* _Dataset excerpt_:
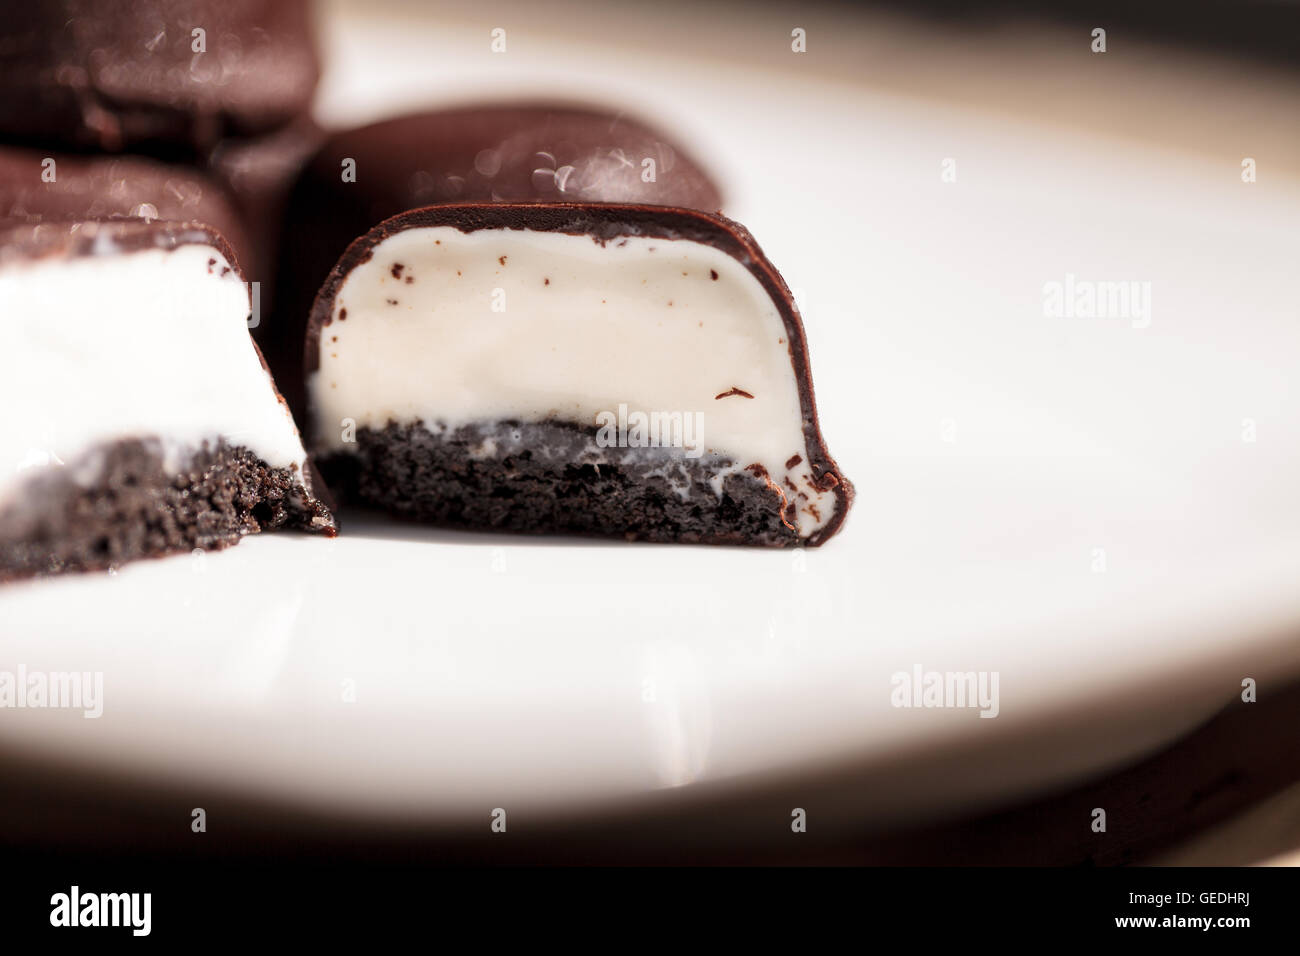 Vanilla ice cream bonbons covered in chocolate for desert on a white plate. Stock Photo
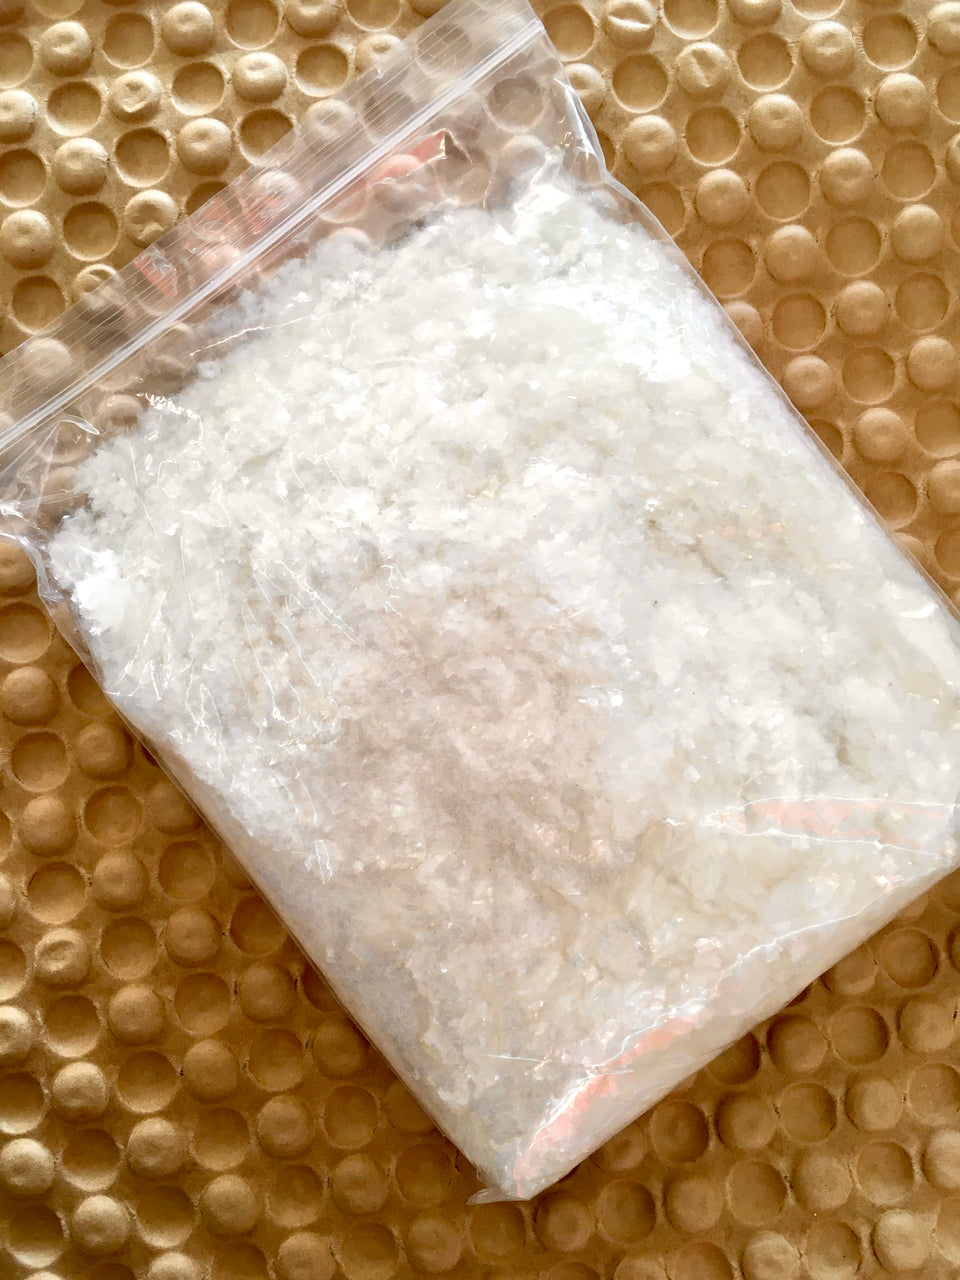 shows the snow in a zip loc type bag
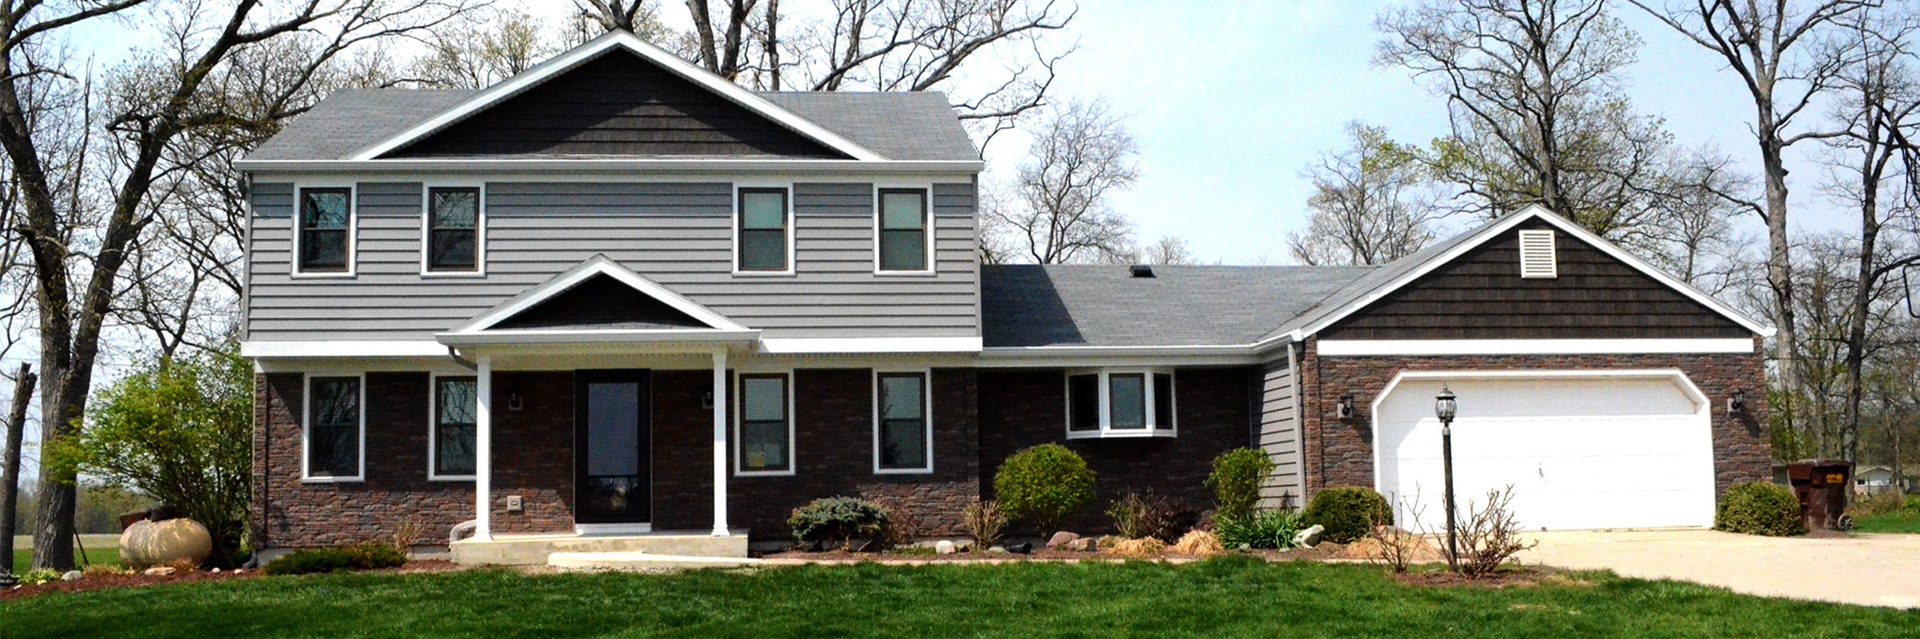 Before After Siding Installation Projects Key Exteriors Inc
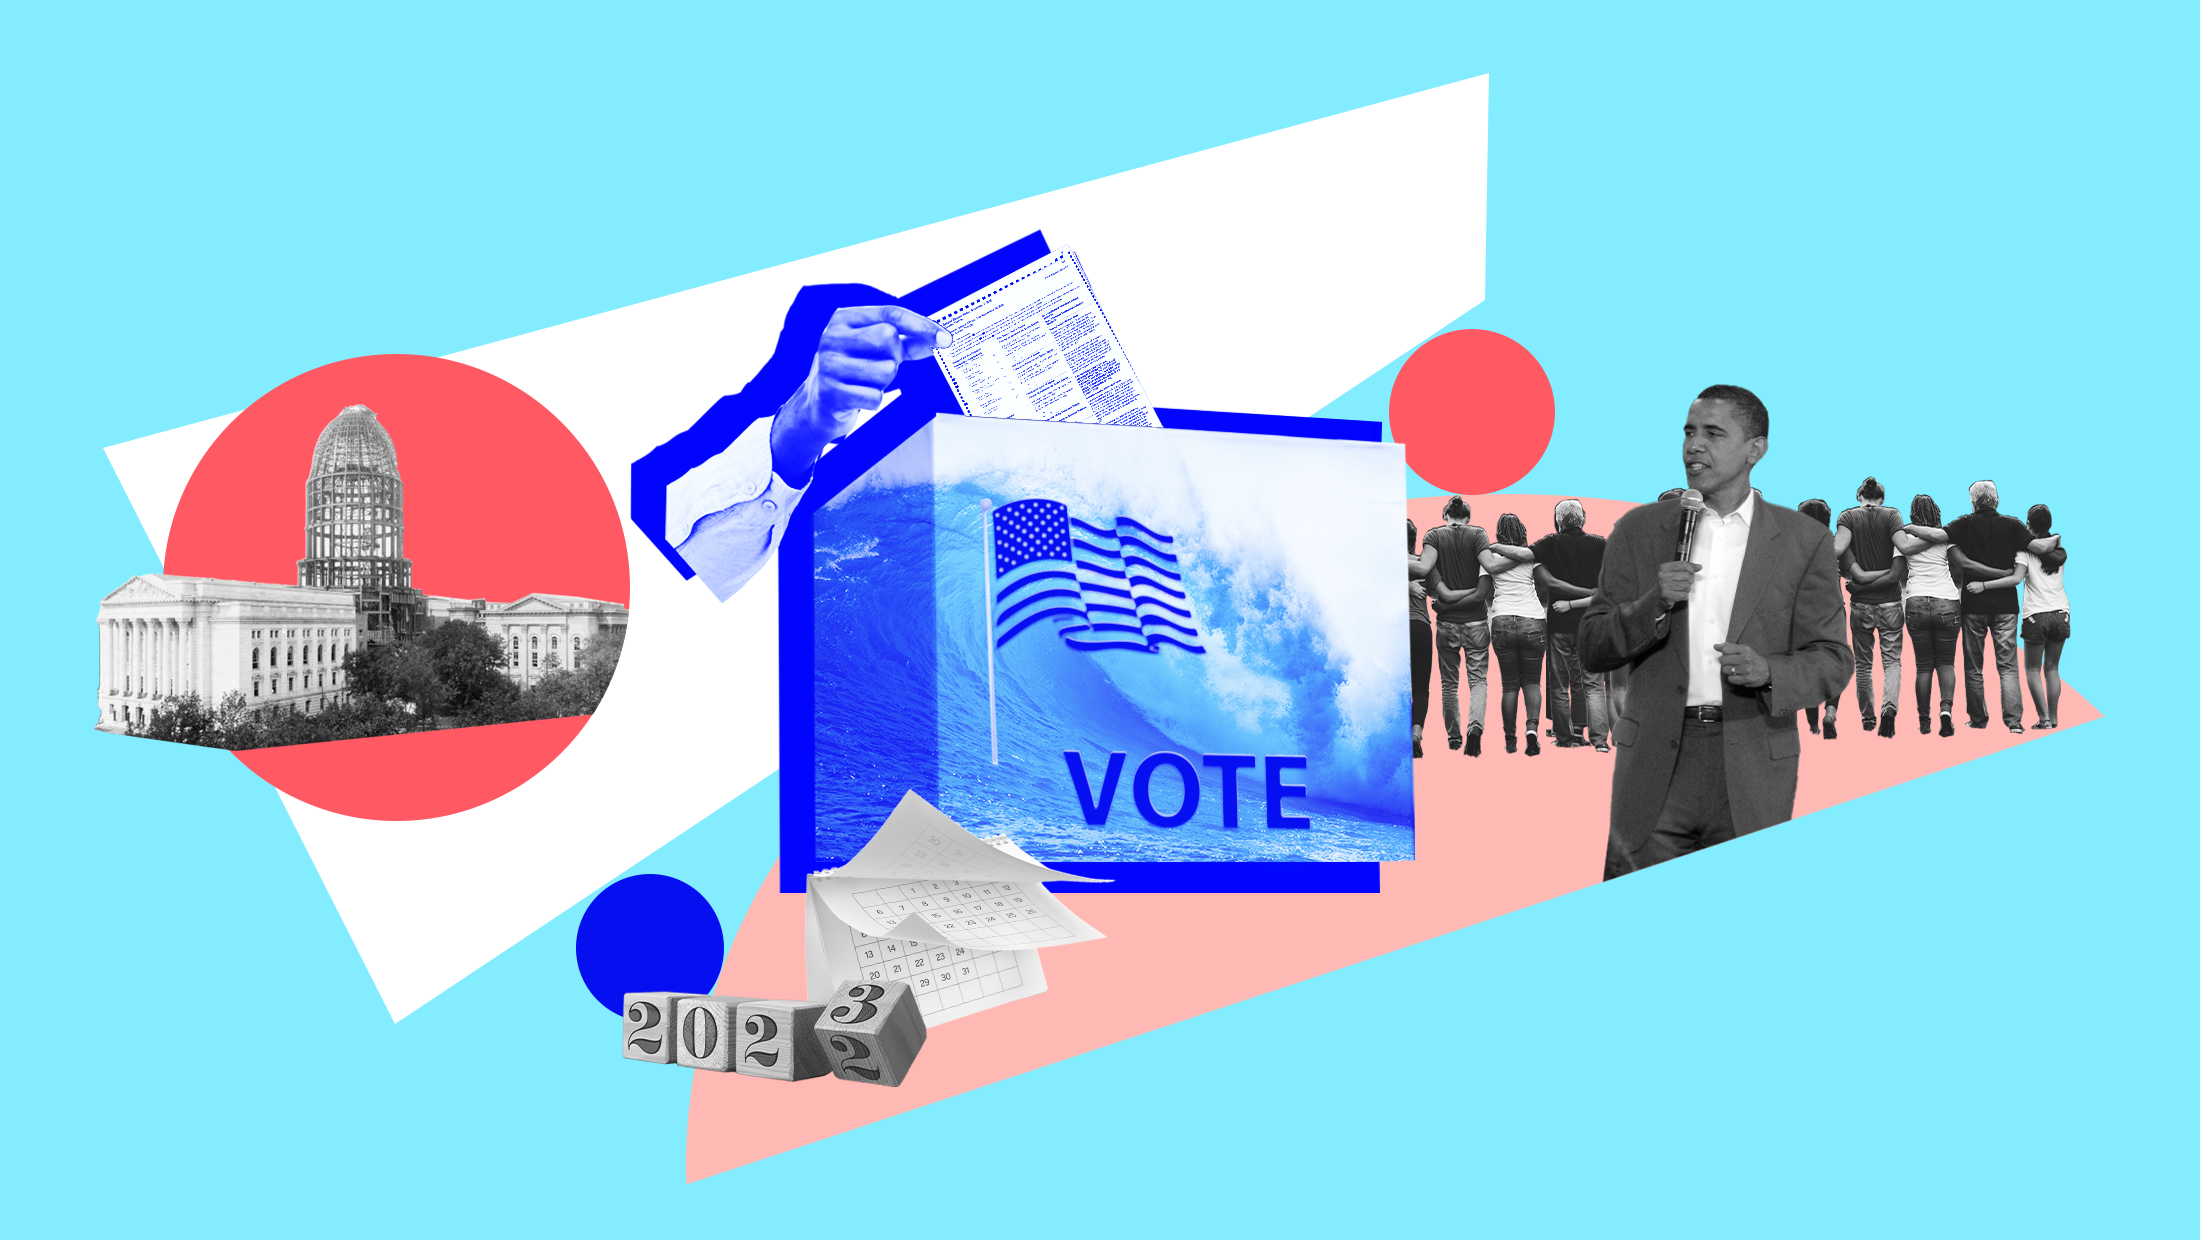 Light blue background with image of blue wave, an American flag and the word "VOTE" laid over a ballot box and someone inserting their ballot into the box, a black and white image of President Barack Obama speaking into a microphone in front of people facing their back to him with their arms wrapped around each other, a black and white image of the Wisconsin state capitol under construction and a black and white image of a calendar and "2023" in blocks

* _What needs to be done_: Exactly as they appear, transcribe the lines from the top of the material above through the line with "Before After Siding". Omit any picture.

* _Written answer_:
 Vanilla ice cream bonbons covered in chocolate for desert on a white plate. Stock Photo
 shows the snow in a zip loc type bag
 Before After Siding Installation Projects Key Exteriors Inc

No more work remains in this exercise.